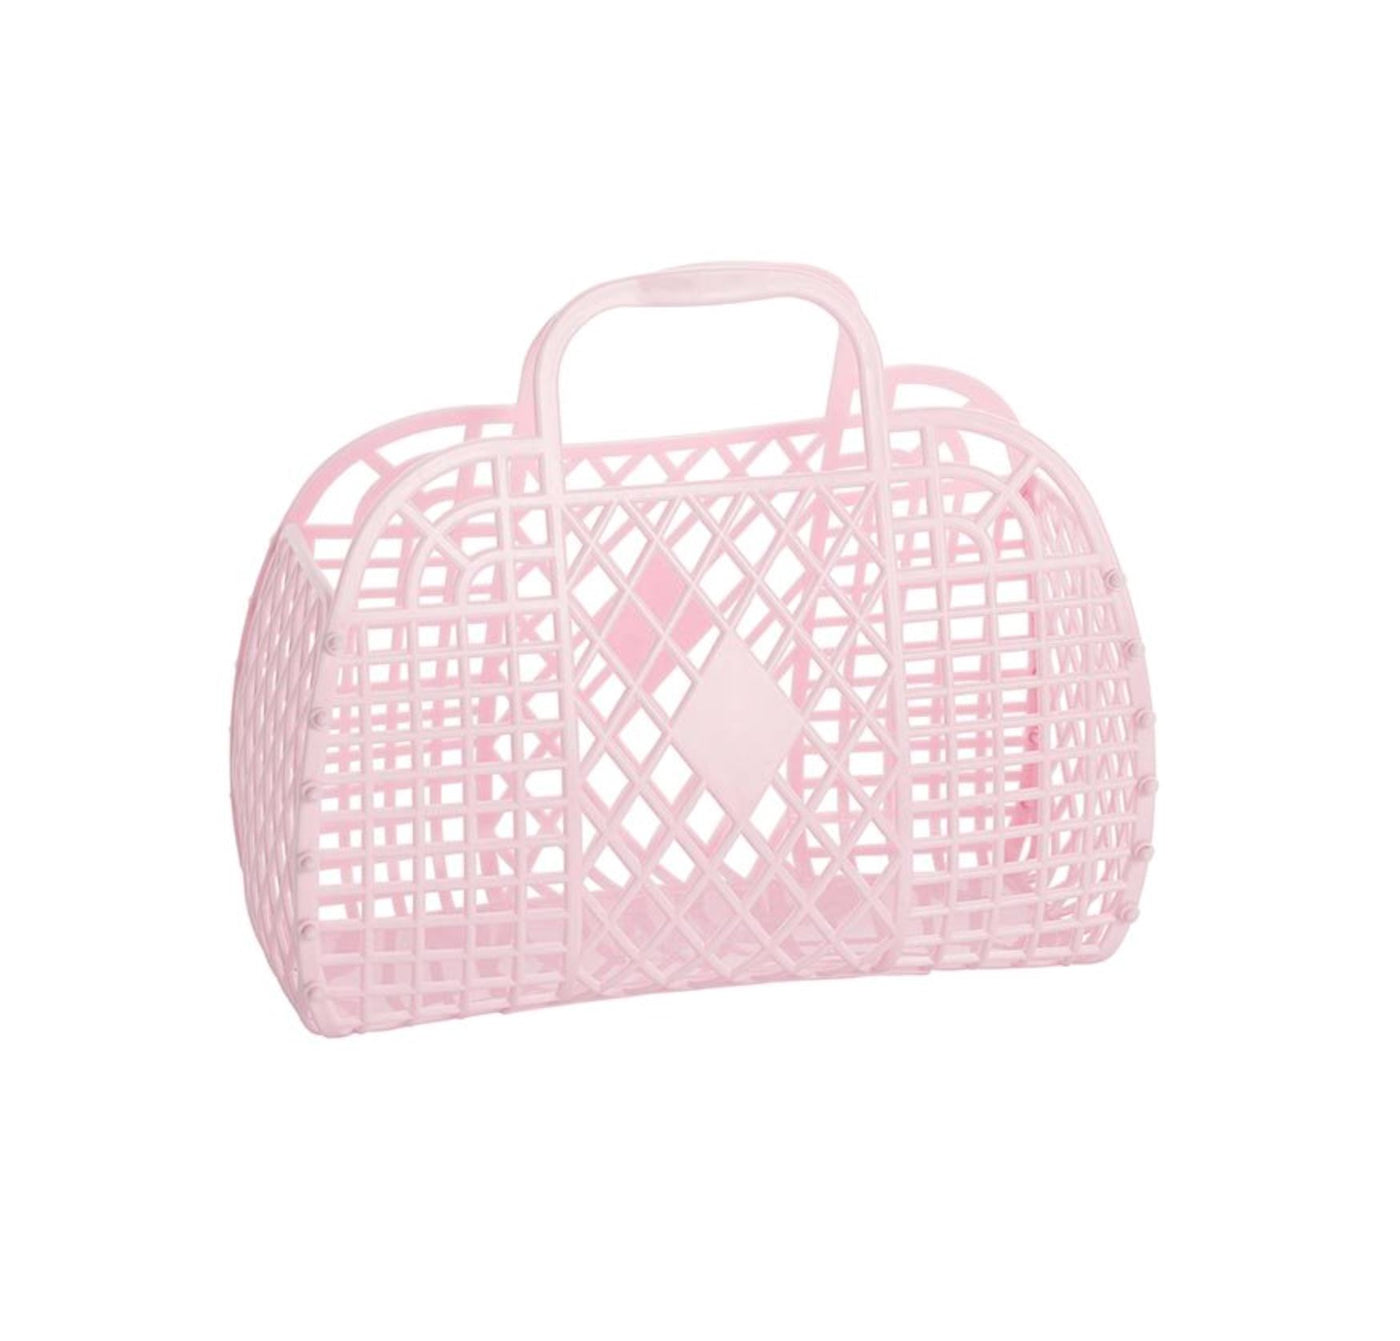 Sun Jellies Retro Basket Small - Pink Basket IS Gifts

════════════════

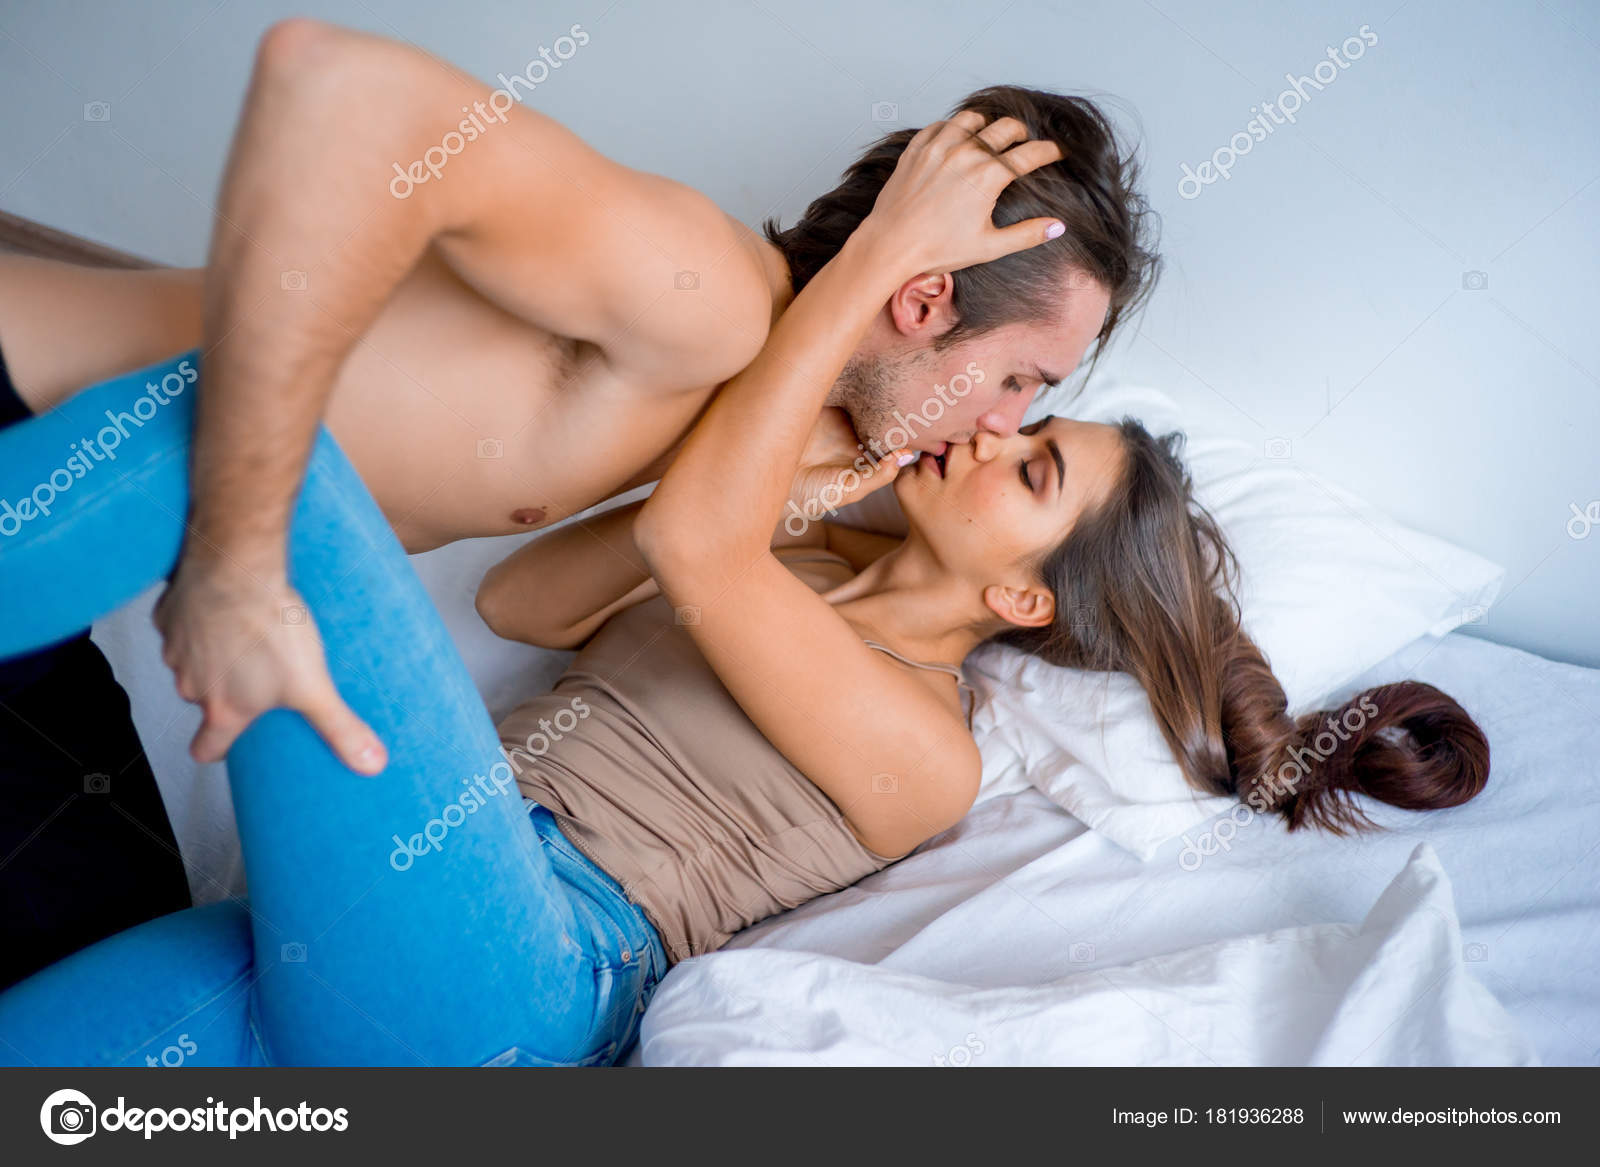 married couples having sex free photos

════════════════

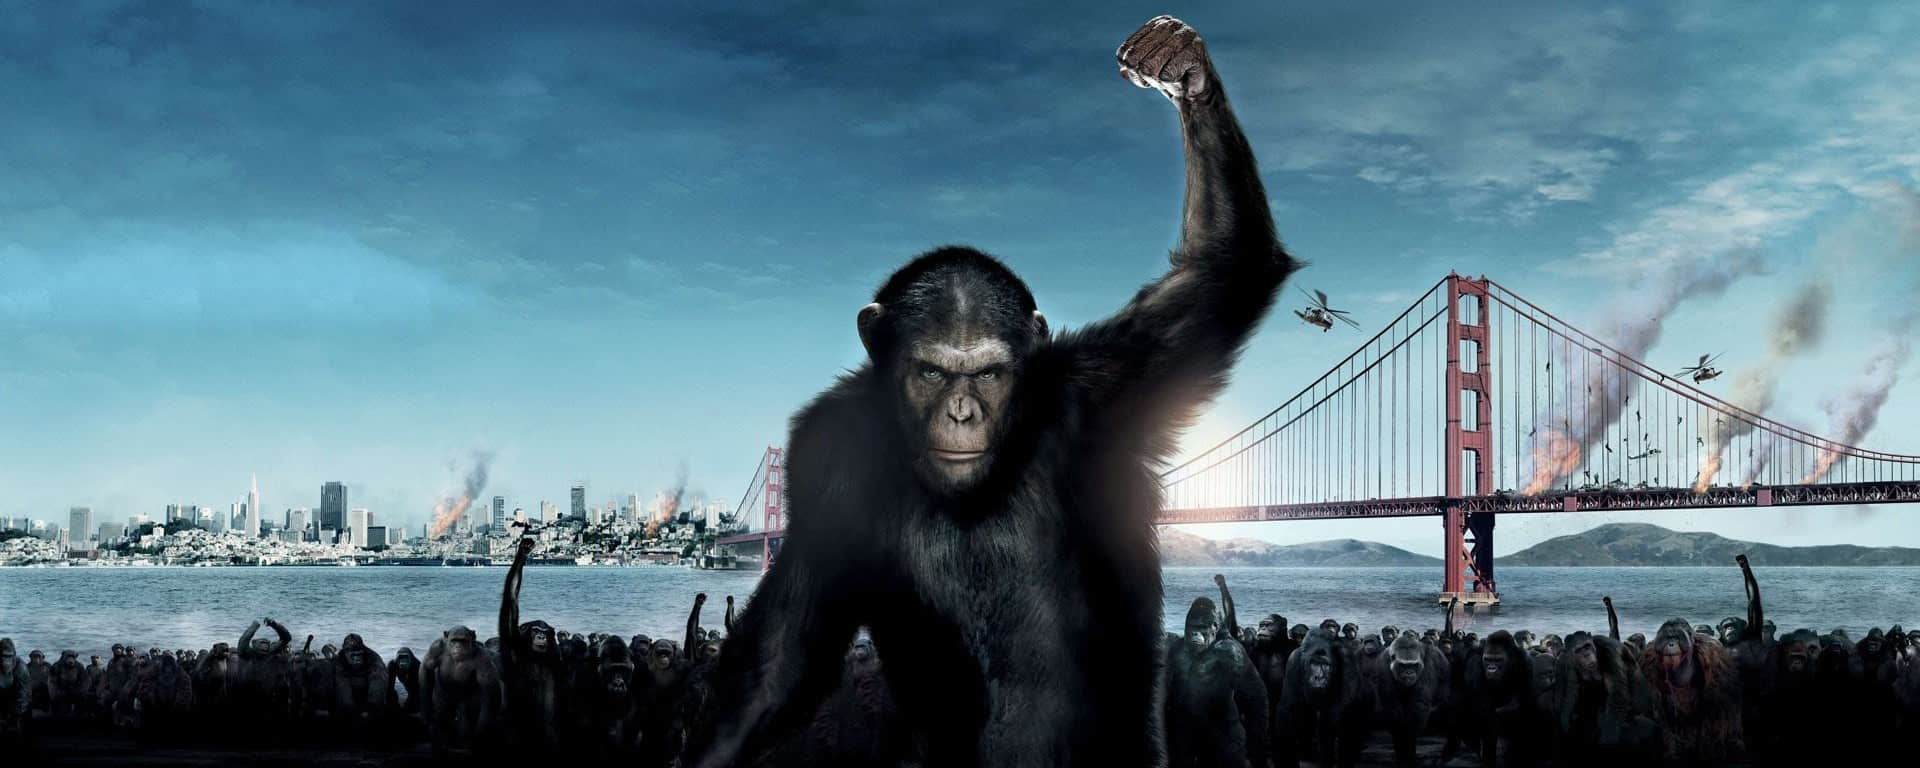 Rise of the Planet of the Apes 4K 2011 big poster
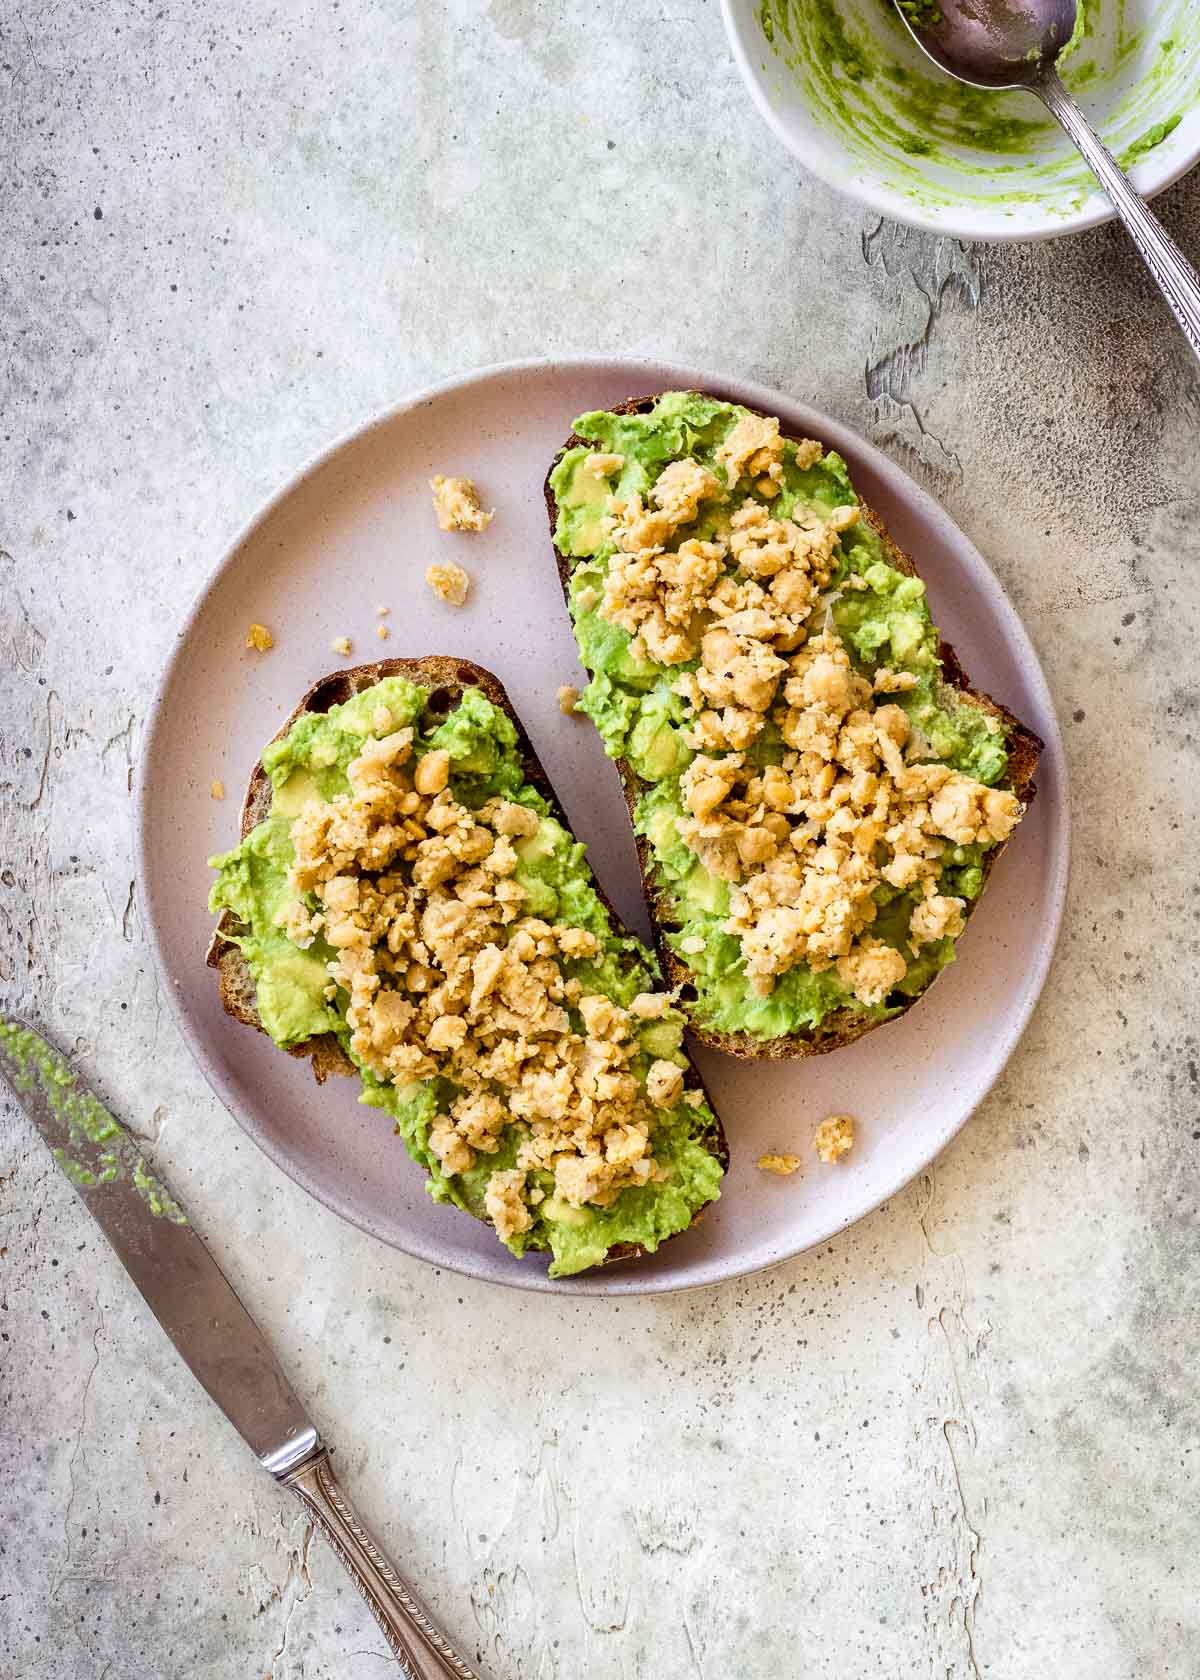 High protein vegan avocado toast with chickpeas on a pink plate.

════════════════

• Task statement:
A word-for-word reproduction is needed of the lines above from the line containing "Rise of the" through the line containing "High protein vegan", with both ends kept and no pictures.

• Finished exercise:
 Rise of the Planet of the Apes 4K 2011 big poster
 High protein vegan avocado toast with chickpeas on a pink plate.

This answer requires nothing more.